**TASK ITEM:** Before printing the listing, strip out its pictures and keep everything else exact.

**DATASET EXCERPT:**
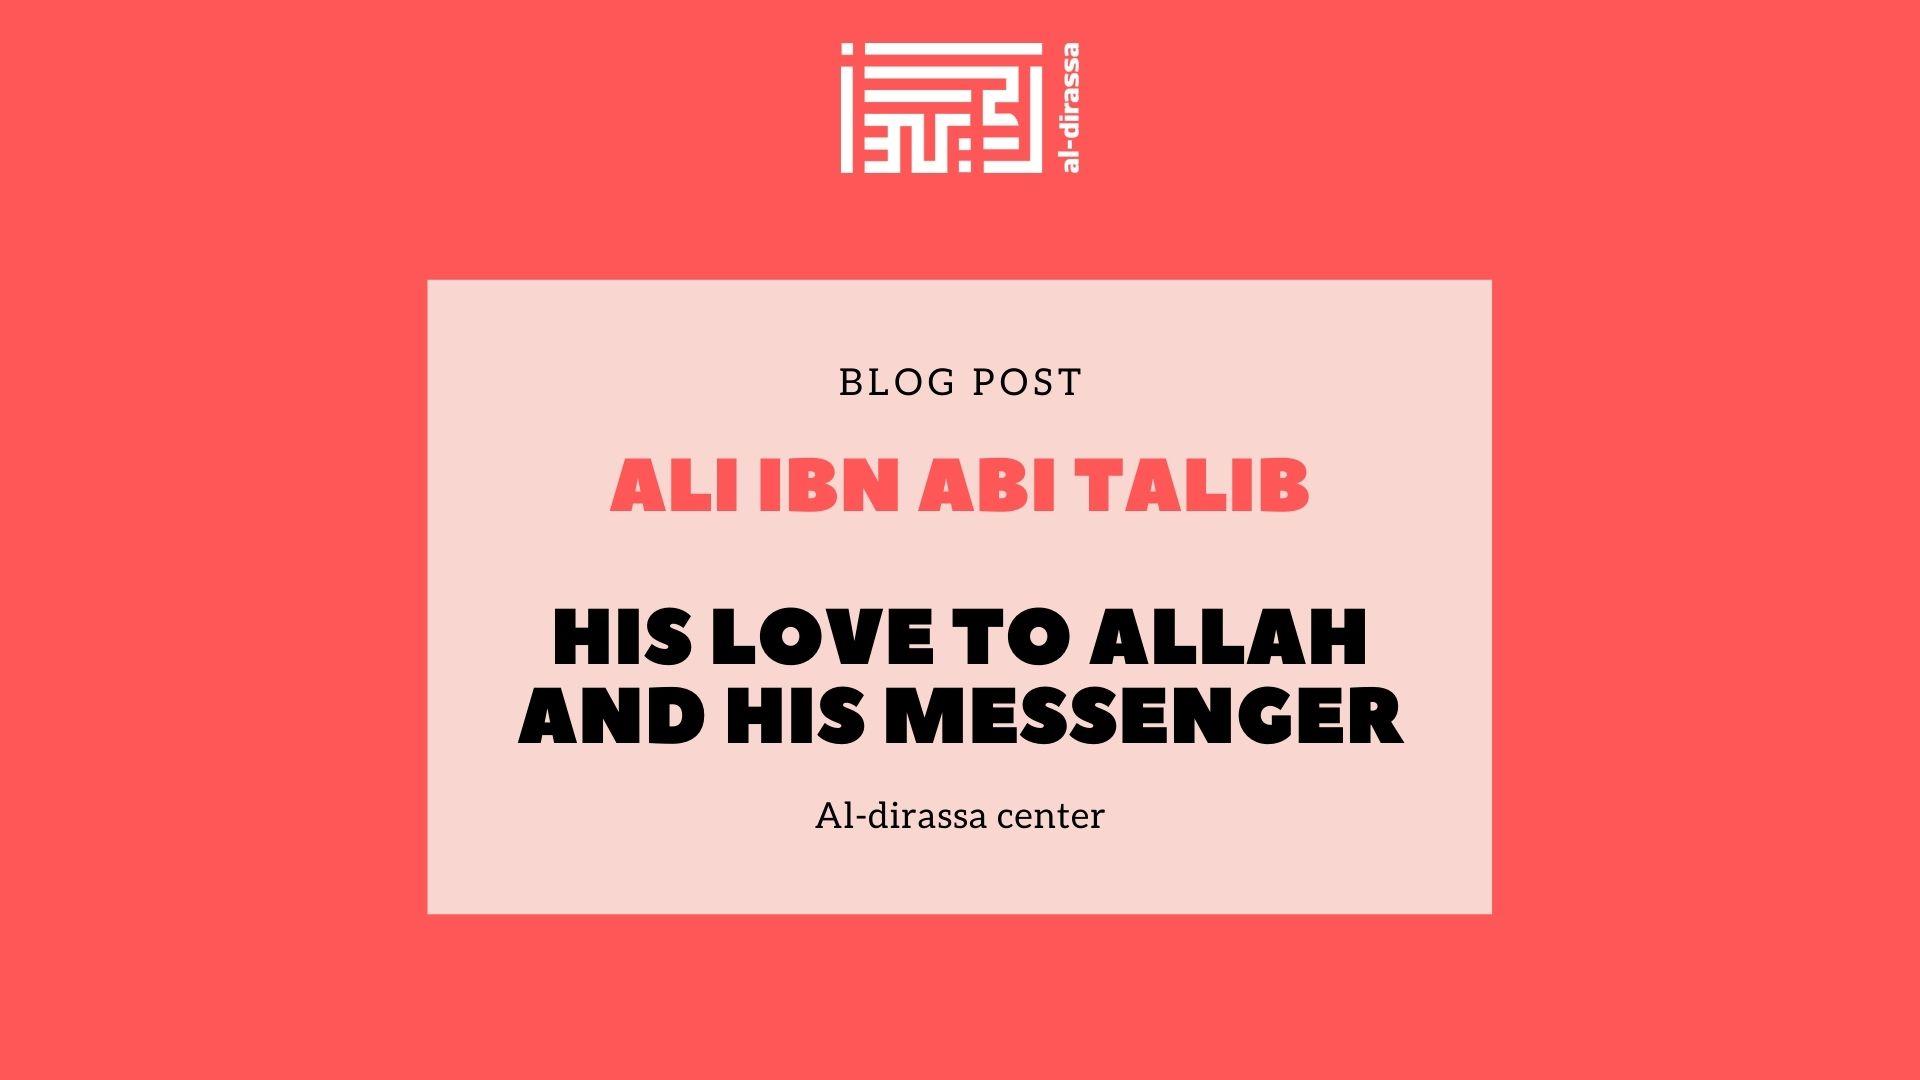 Ali ibn Abi Talbi- 4th Caliph of Islam
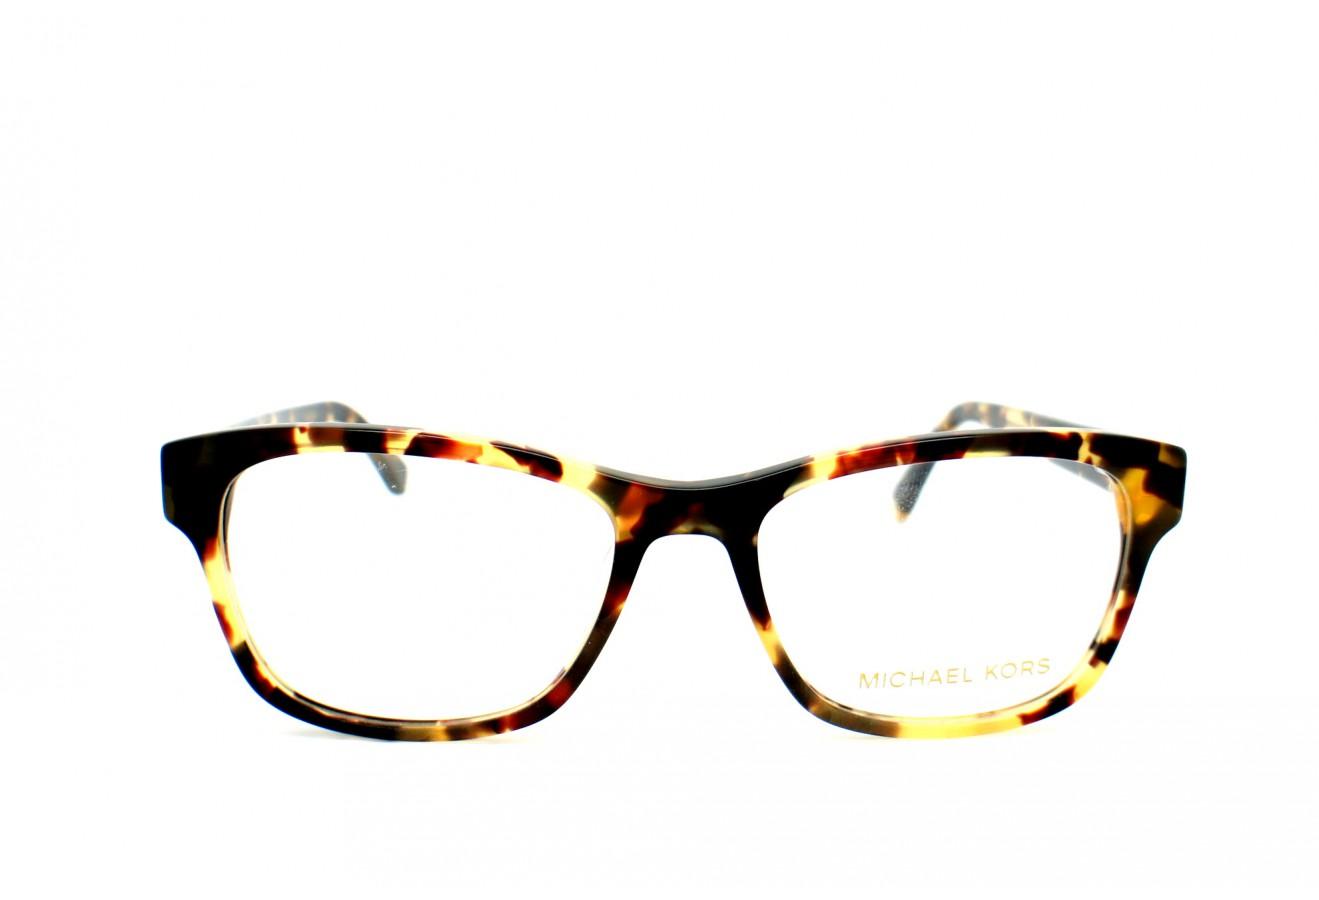 lunettes de vue mk 829m 281 51 17. Black Bedroom Furniture Sets. Home Design Ideas
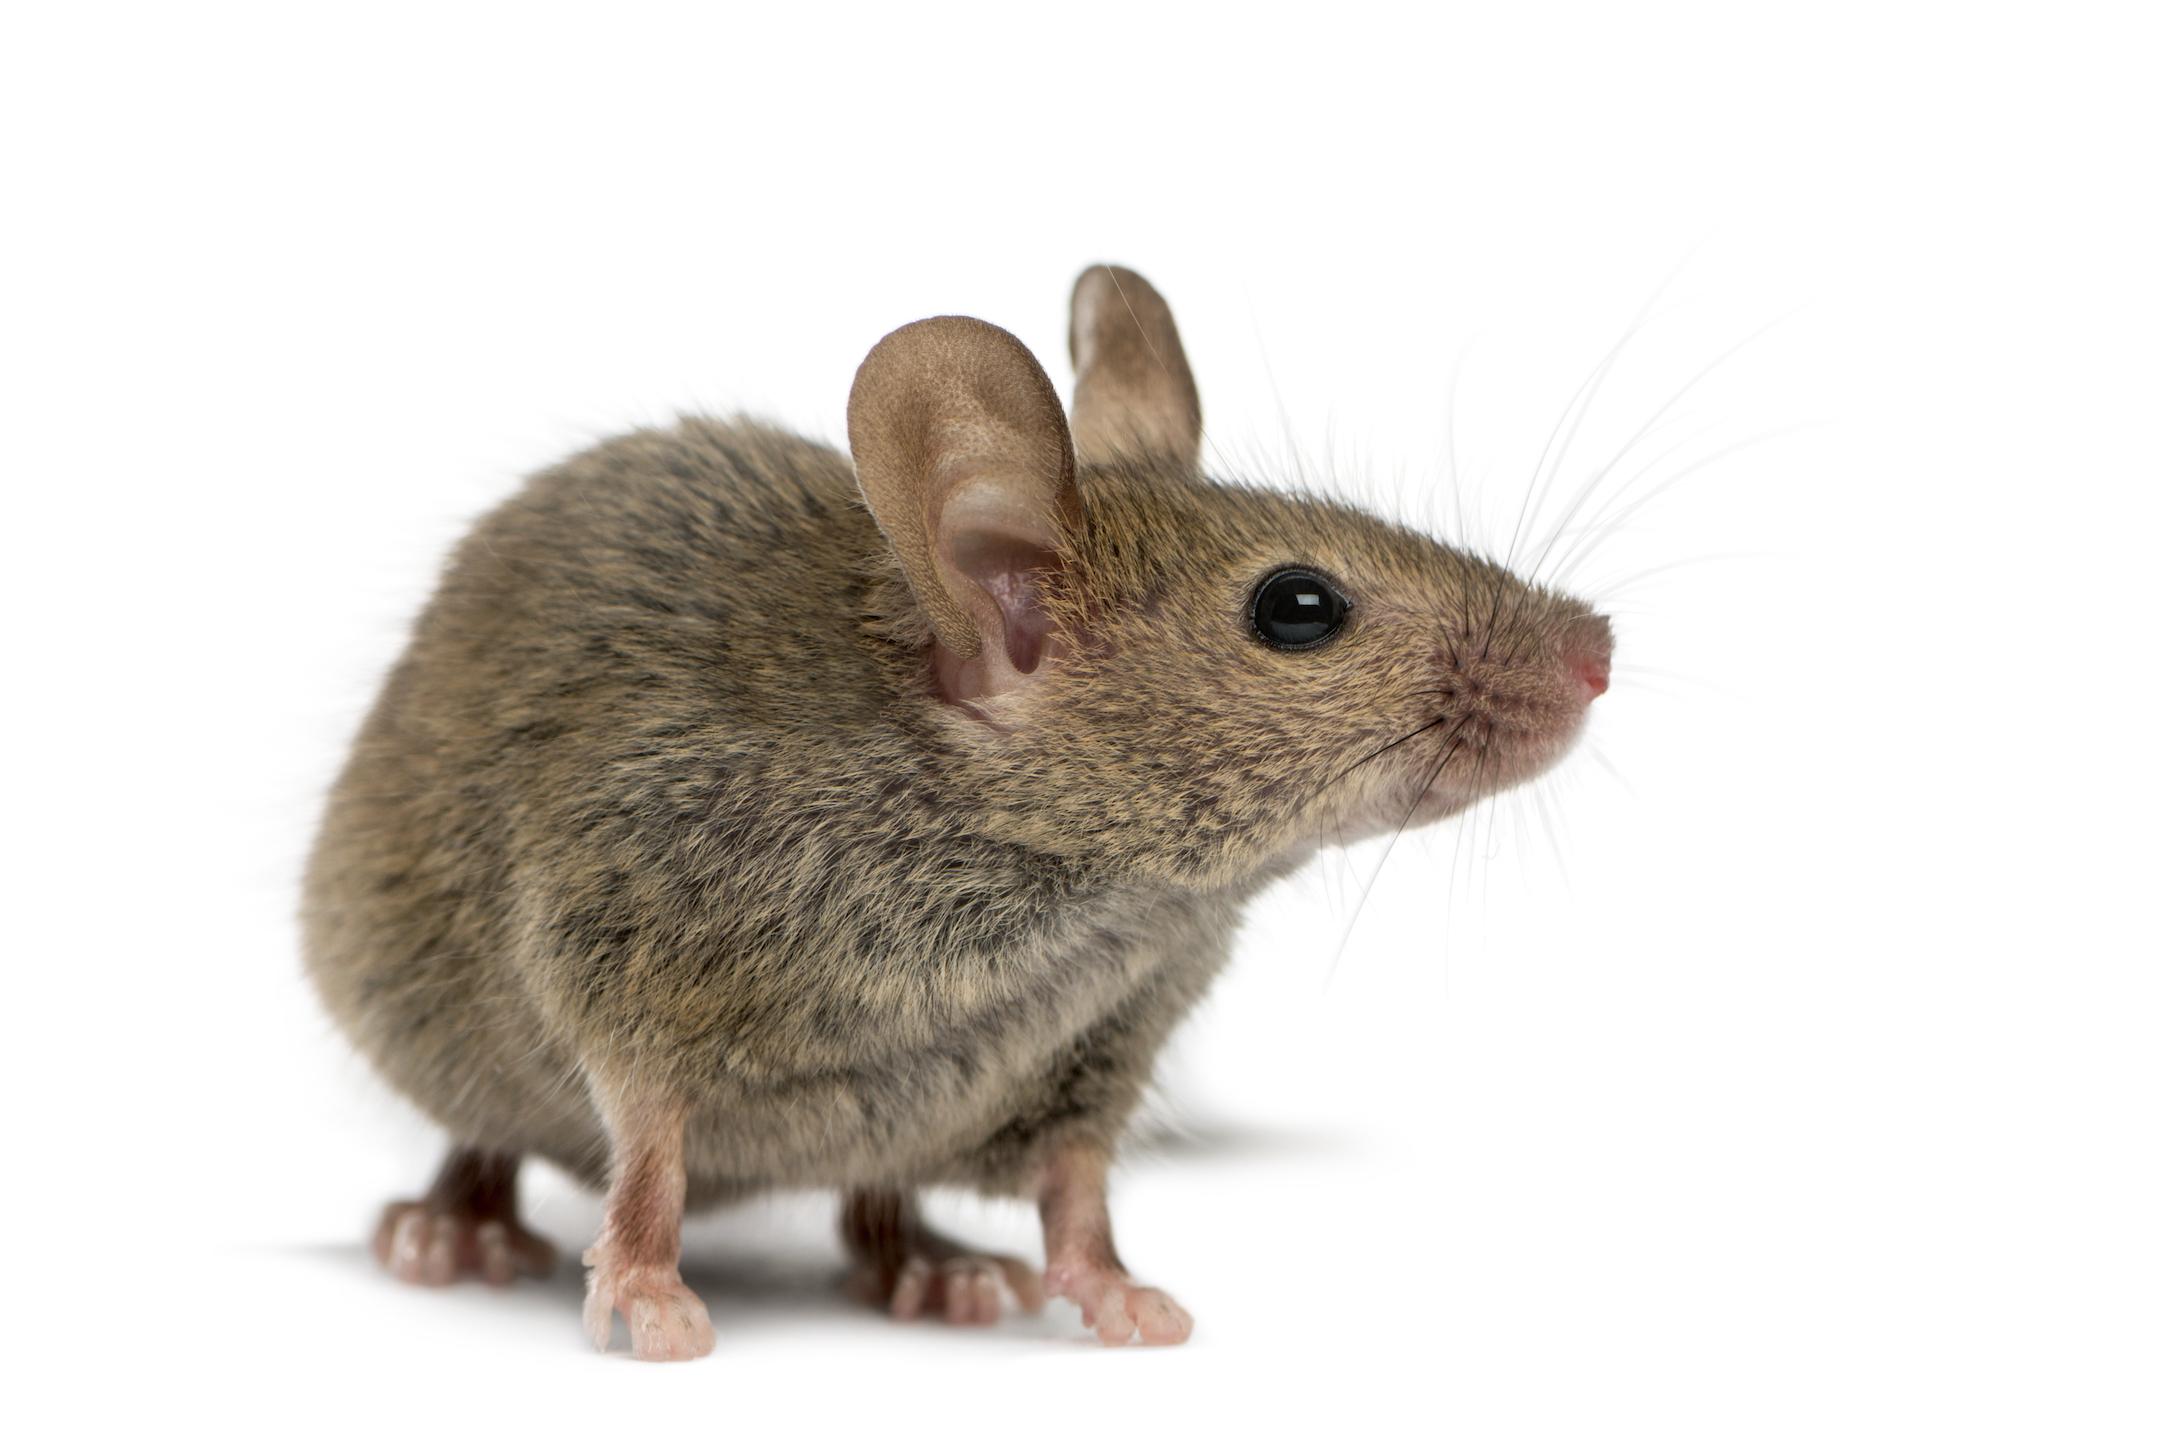 Comment prévenir les infestations de souris?

**WRITTEN REPLY:**
 Ali ibn Abi Talbi- 4th Caliph of Islam
 lunettes de vue mk 829m 281 51 17. Black Bedroom Furniture Sets. Home Design Ideas
 Comment prévenir les infestations de souris?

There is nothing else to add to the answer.